Metadata Discussion Group data nerdery in the service of resource discovery

homepage for Metadata Discussion Group

Summary of January meeting

Tranforming archival finding aid metadata for searching and sharing

This month, the group discussed how LAMs might address legacy data problems in preparation for a potential move to linked data. Resources to be consulted in preparation for January’s meeting can be found here.

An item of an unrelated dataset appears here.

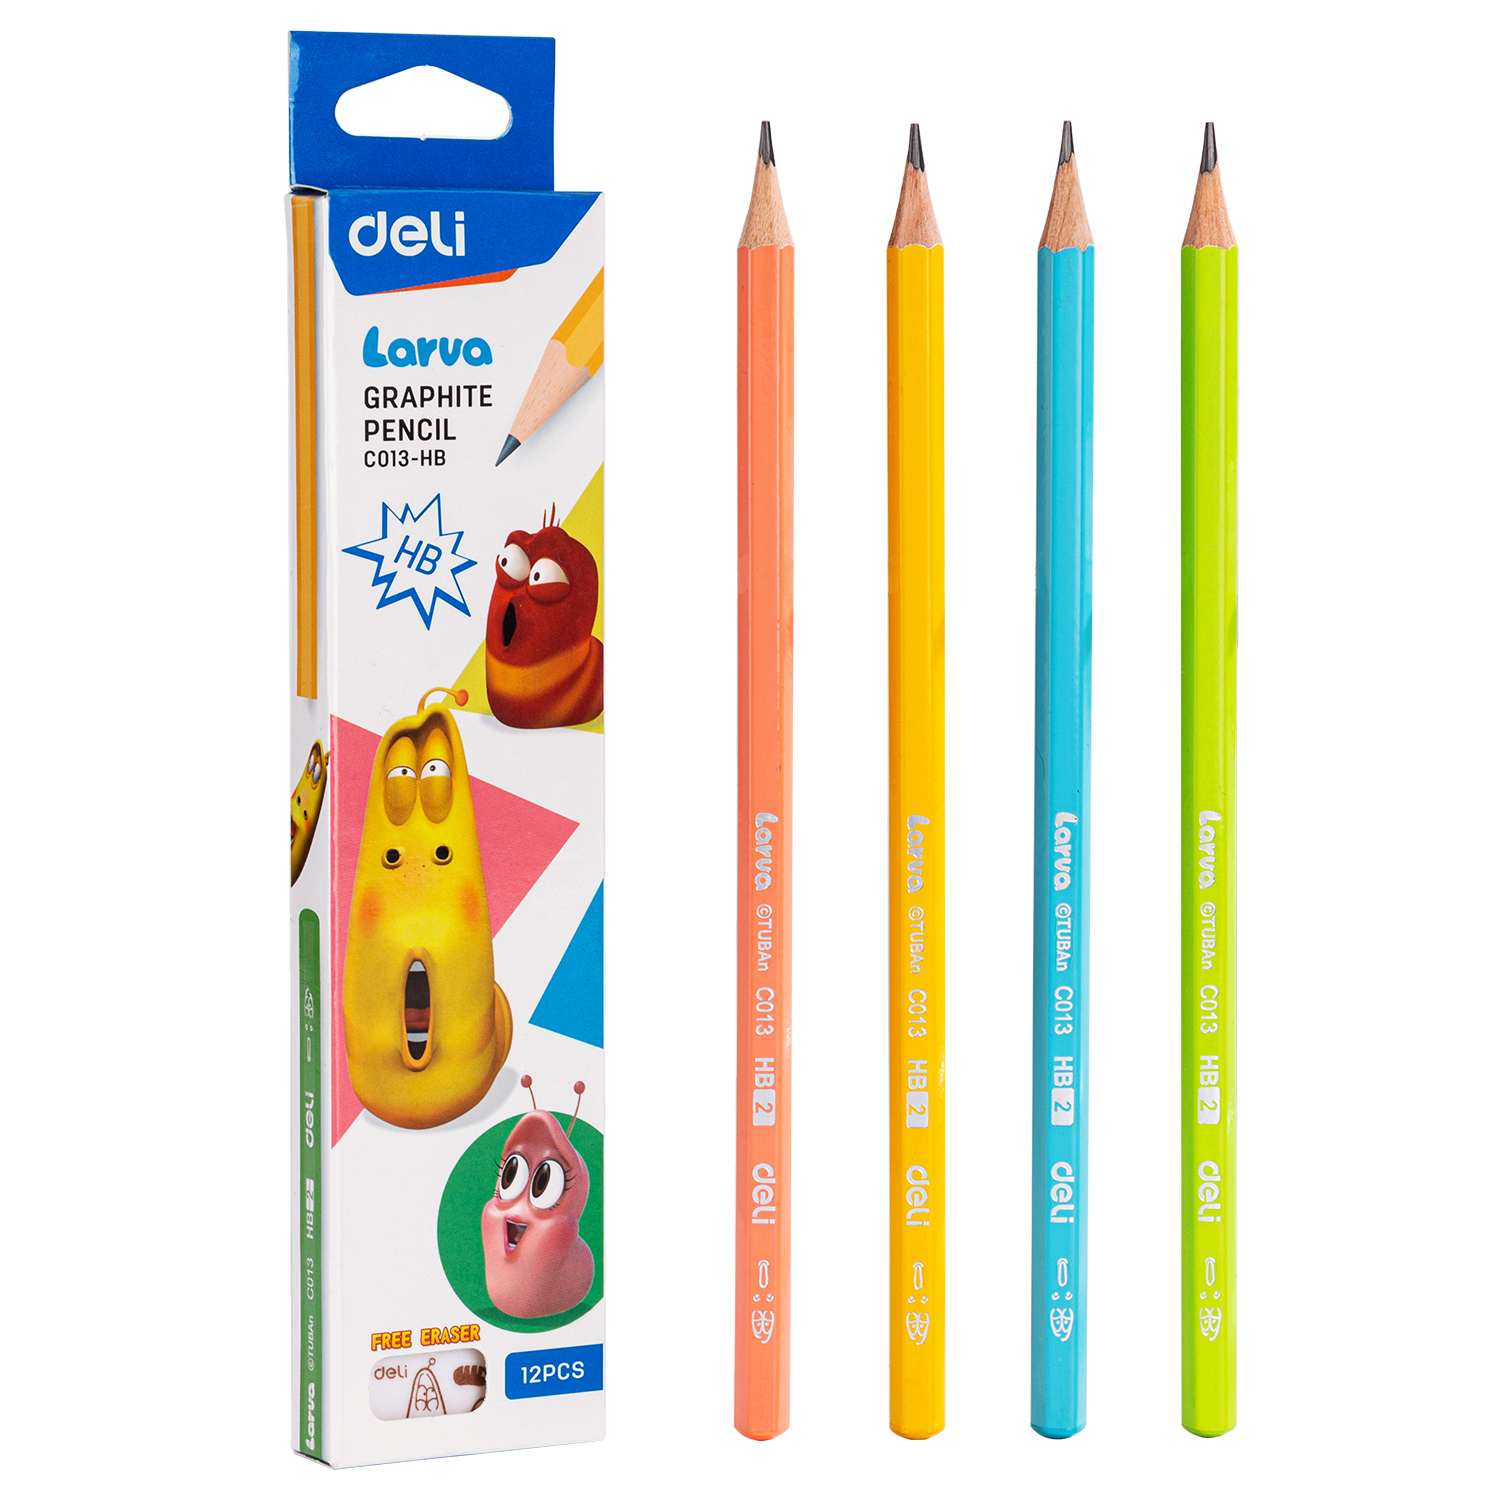 Deli-EC013-HB Graphite Pencil

Discussion opened with a quick overview of how XML, SGML and HTML are related. Then the group looked at a few XML documents together by searching for a Library of Congress Subject Heading term at and viewing “MARC/XML” (scroll to the bottom of the page and look under “Alternate Formats”). Group members noted that the MARCXML was:

  1. Verbose
  2. MARCXML preserves MARC tags, subfield codes, and first and second MARC indicators in the form of attributes

Next the group looked at the same subject authority record in RDF/XML (MADS and SKOS) and noted:

  1. Elements are defined by namespaces for that schema
  2. Different schema may be referenced in a single XML document: MADSRDF, OWL, SKOS, etc.
  3. Data strings are normalized for easier processing (e.g., dates are normalized according to a W3C standard)
  4. Language of data strings are declared

Participants then wondered how we would clean up bad data in our MARC records, citing examples listed in the Bowen reading. How much of the cleanup may be done programmatically? Since it’s not feasible to correct every bad record by hand, are there errors we are willing to let slip by? Are there certain problematic fields (such as the now defunct MARC 410 field) that we are willing to let fall off completely? Are we capable of accepting a dumbed-down, lossy mapping away from MARC? One participant suggested that it may be useful to make these decision on a format-by-format basis. For instance, the MARC map format may require a different treatment than the MARC continuing resources record format.

Jennifer demonstrated a few XML conversions using Oxygen XML Editor1. XSLT (eXtensible Stylesheet Language Transformations) is used to turn an XML document (which could be a MARCXML file, a TEI file, etc.) and turn it into some other kind of XML-based file (a HTML webpage, an EAD file, a MODS record, etc.).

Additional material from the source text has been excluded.